Data provided:
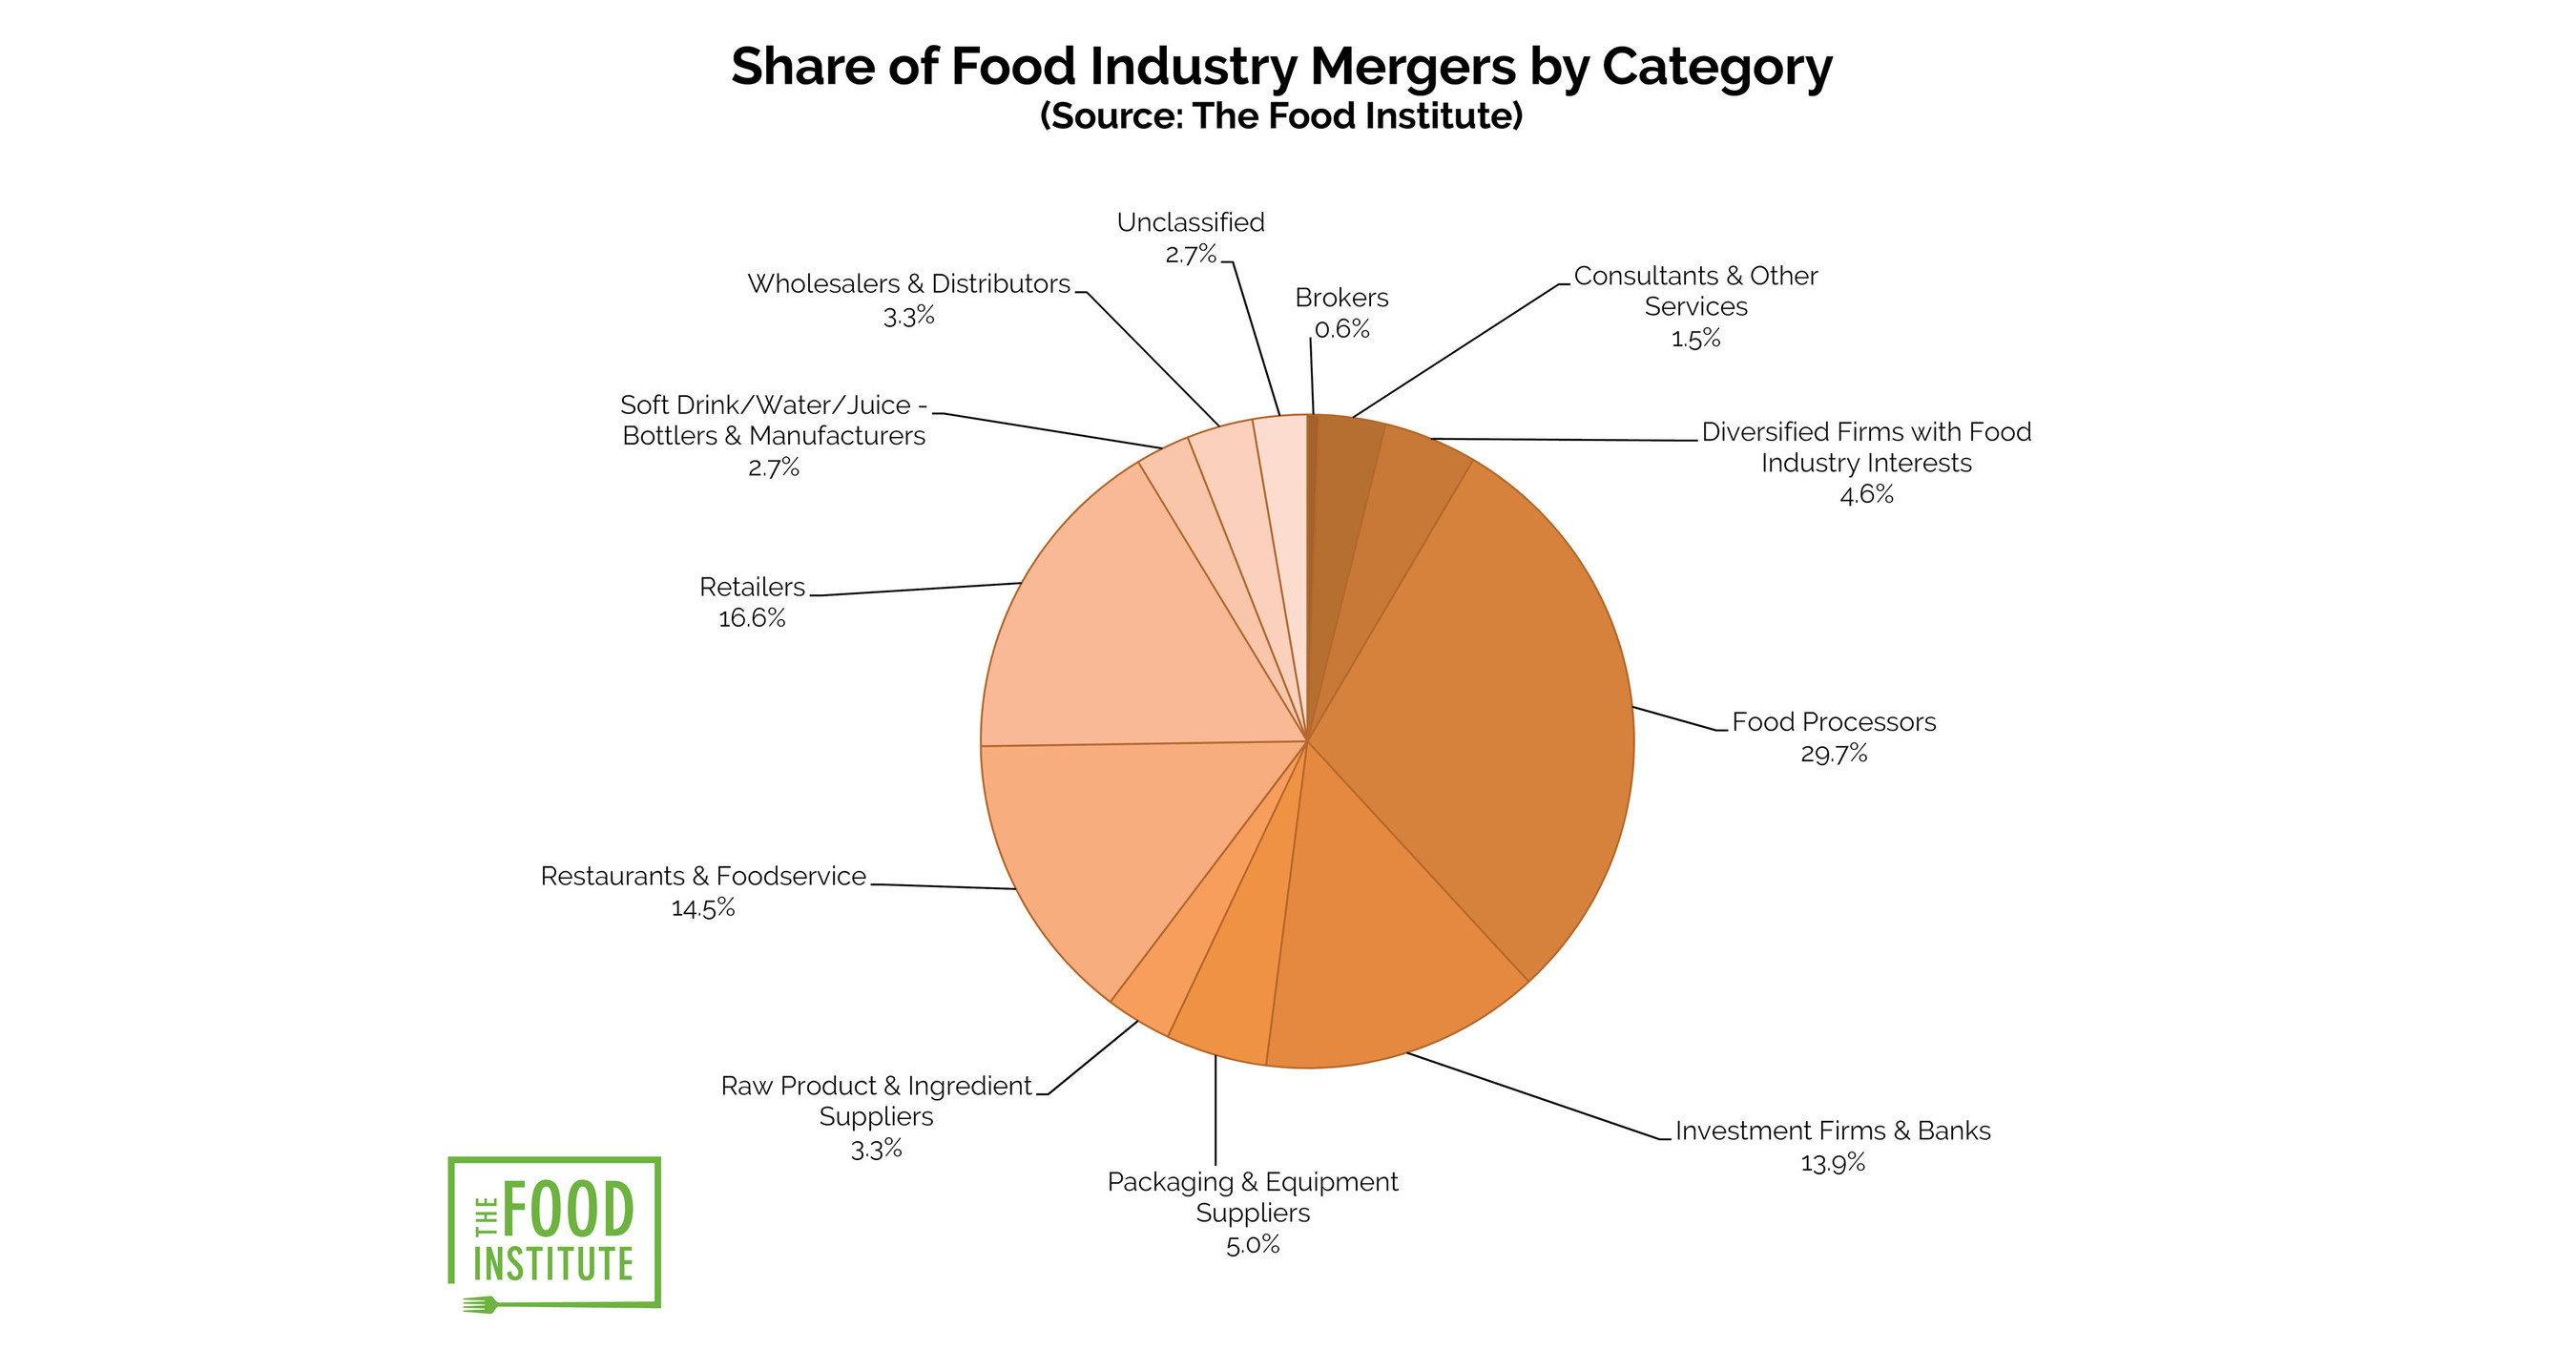 https://mma.prnewswire.com/media/845806/Food_Business_Mergers_and_Acquisitions_Infographic.jpg?p=facebook
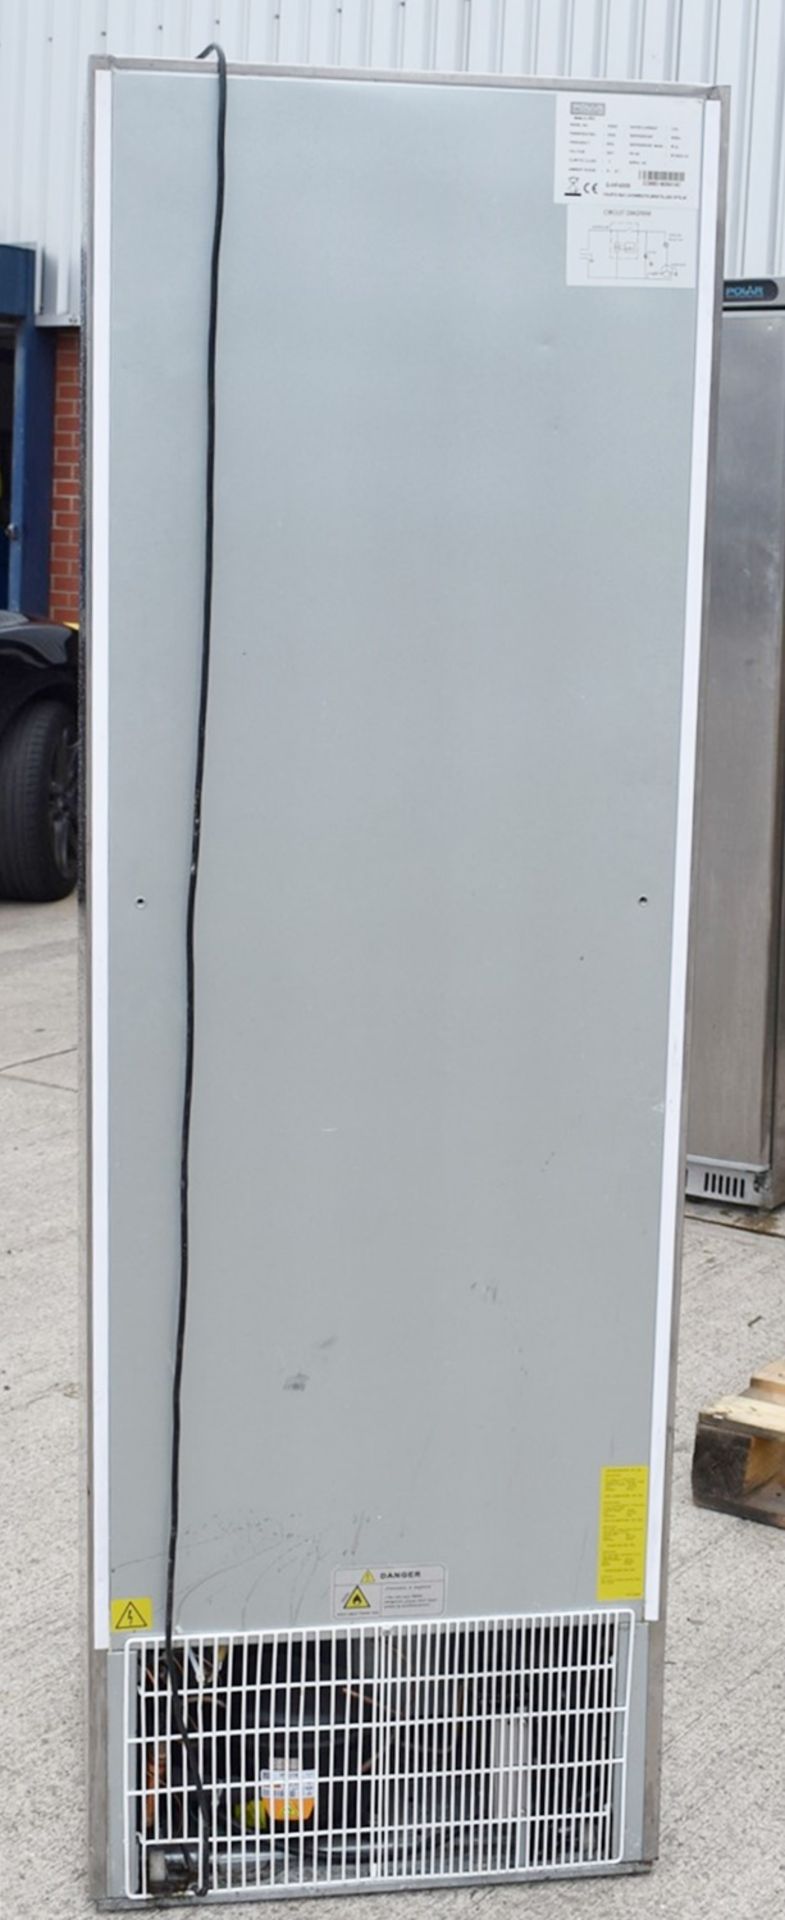 1 x Polar CD083 Upright Freezer With Stainless Steel Exterior - Dimensions: H185 x W60 x D60 cms - Image 6 of 11
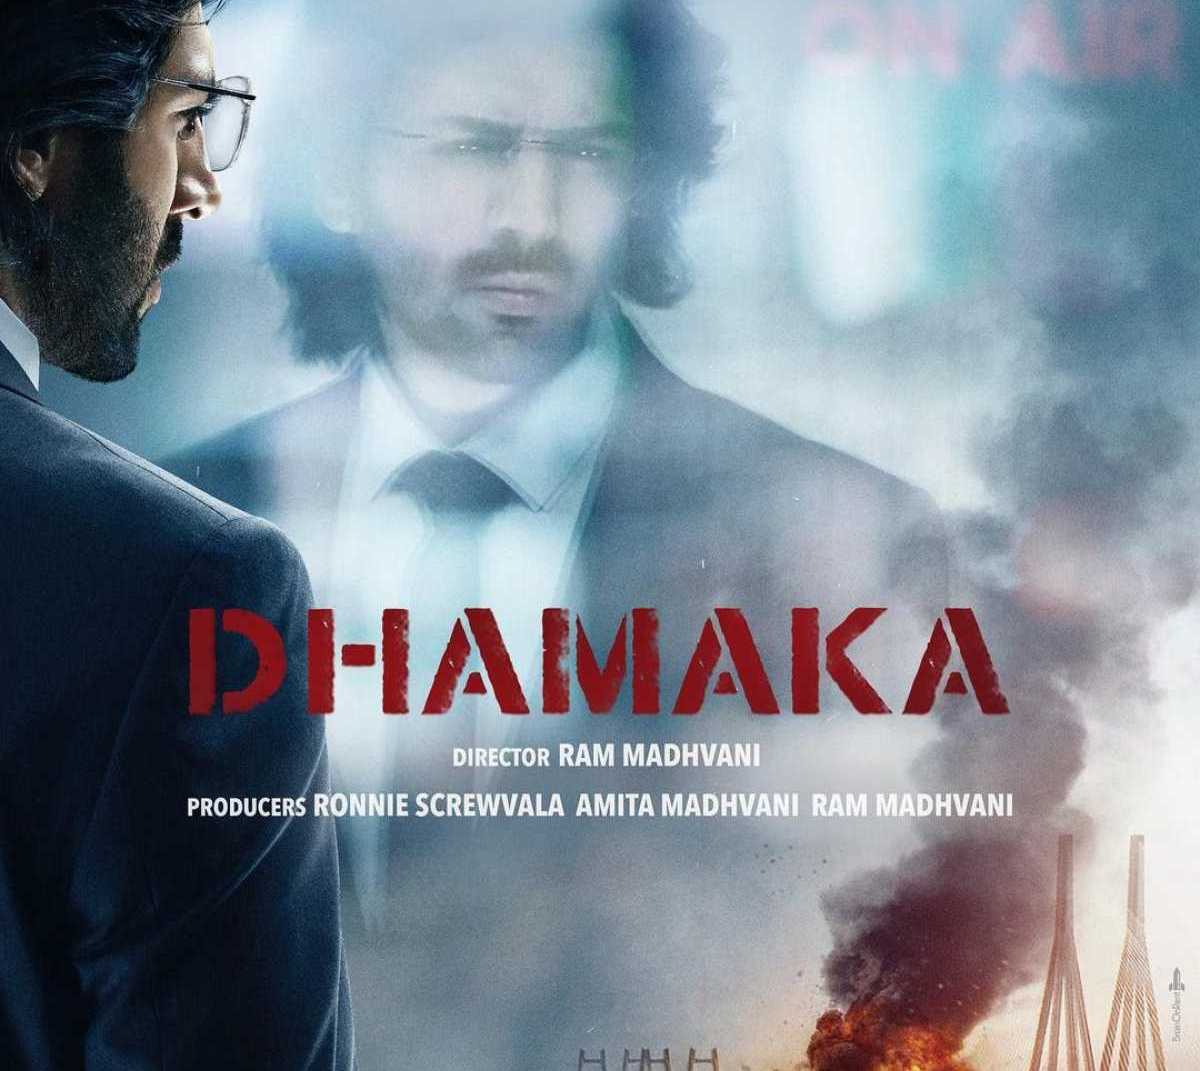 dhamaka movie review and rating
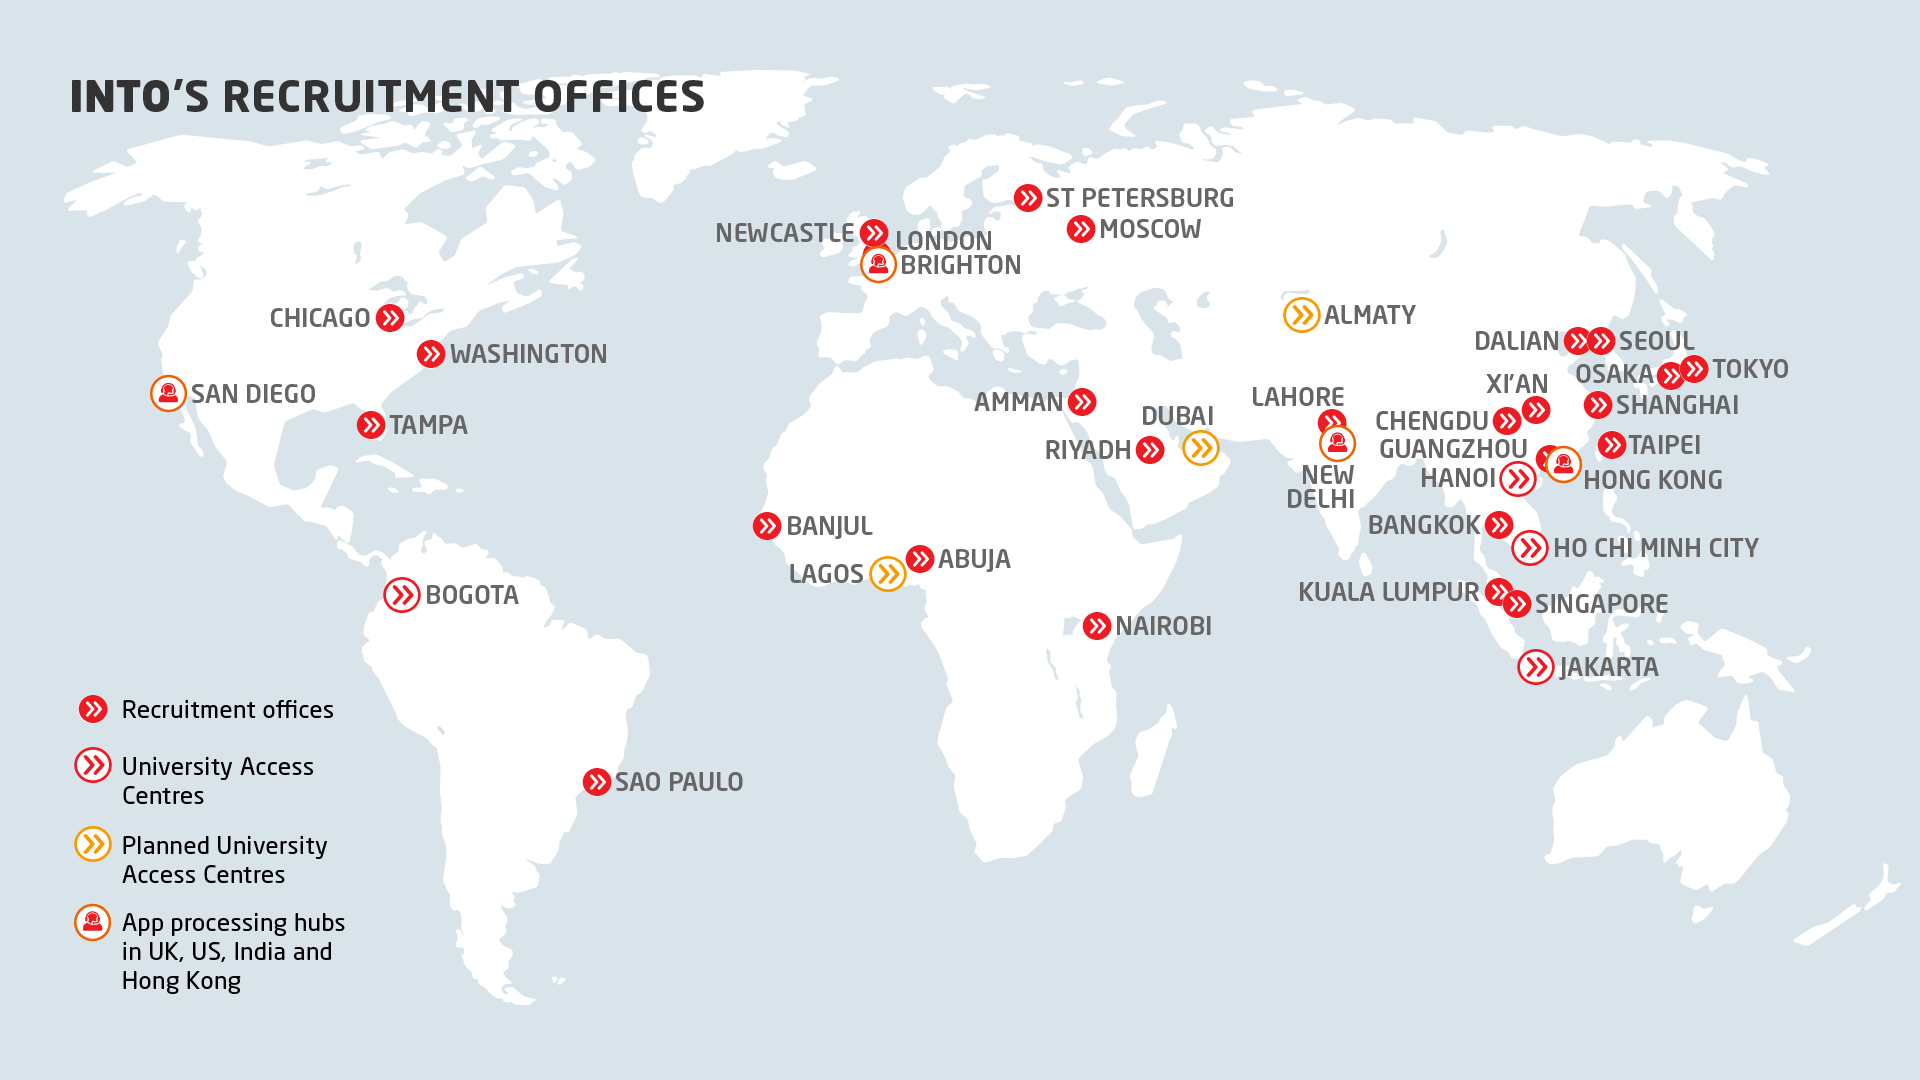 INTO recruitment offices map

Work request:
Make an exact copy of the data above, pictures excluded.

Task answer:
 https://mma.prnewswire.com/media/845806/Food_Business_Mergers_and_Acquisitions_Infographic.jpg?p=facebook
 1 x Polar CD083 Upright Freezer With Stainless Steel Exterior - Dimensions: H185 x W60 x D60 cms - Image 6 of 11
 dhamaka movie review and rating
 INTO recruitment offices map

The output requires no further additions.